### Work order
Output the data below only from the line containing "Trójnożna lampa stojąca" up to and including the line containing "Colonnade dans le", exact and with the pictures left out.

### Data records
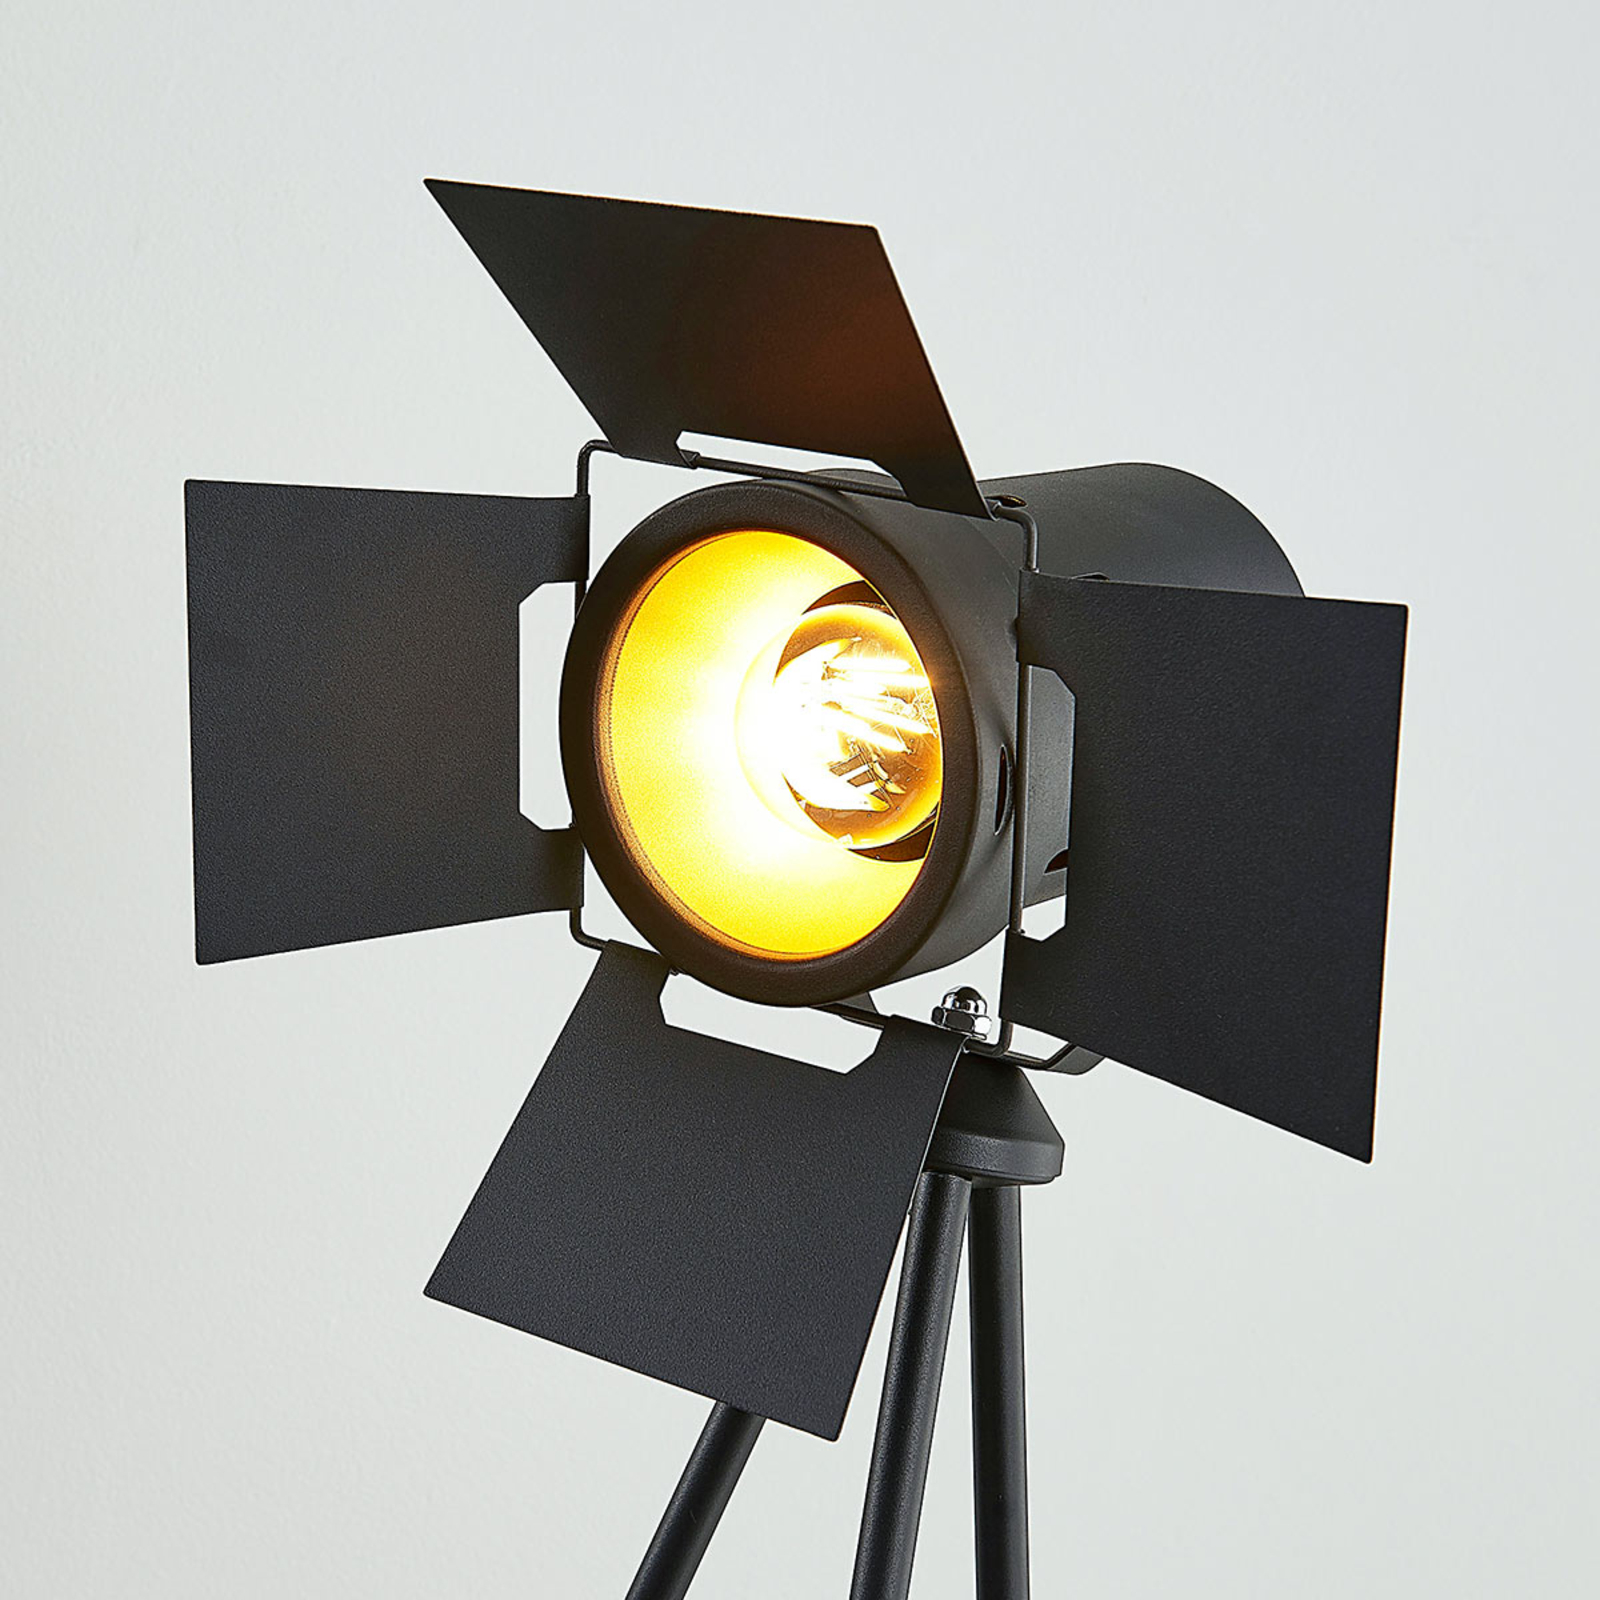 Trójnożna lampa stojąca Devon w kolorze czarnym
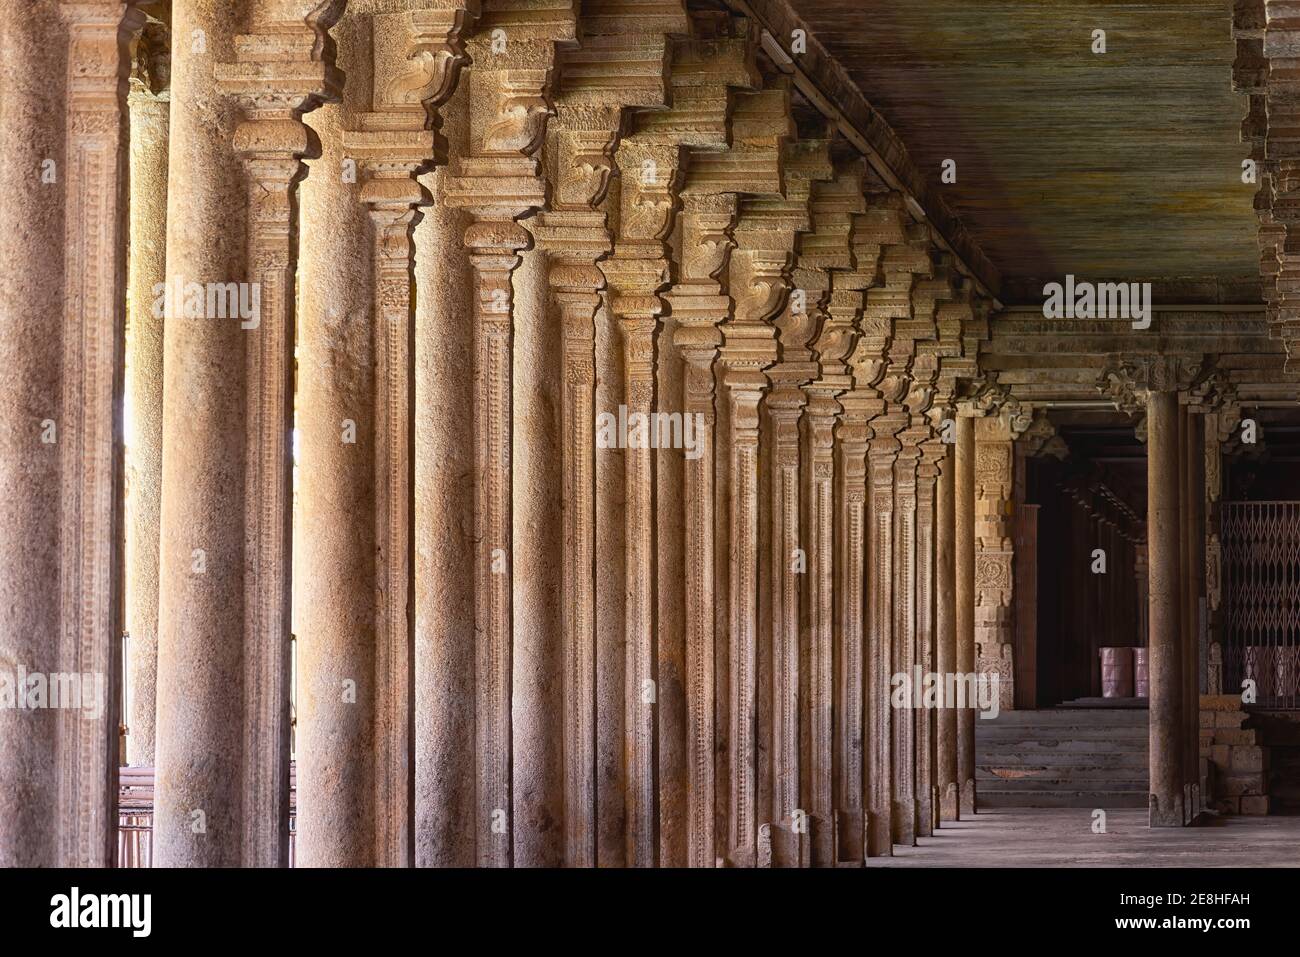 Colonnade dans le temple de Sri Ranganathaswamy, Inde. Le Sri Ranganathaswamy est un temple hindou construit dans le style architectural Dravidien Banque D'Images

* * *

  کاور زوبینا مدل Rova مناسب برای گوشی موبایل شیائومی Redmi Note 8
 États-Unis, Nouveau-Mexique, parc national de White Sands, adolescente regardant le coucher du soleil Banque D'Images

### Written answer
 Trójnożna lampa stojąca Devon w kolorze czarnym
 Colonnade dans le temple de Sri Ranganathaswamy, Inde. Le Sri Ranganathaswamy est un temple hindou construit dans le style architectural Dravidien Banque D'Images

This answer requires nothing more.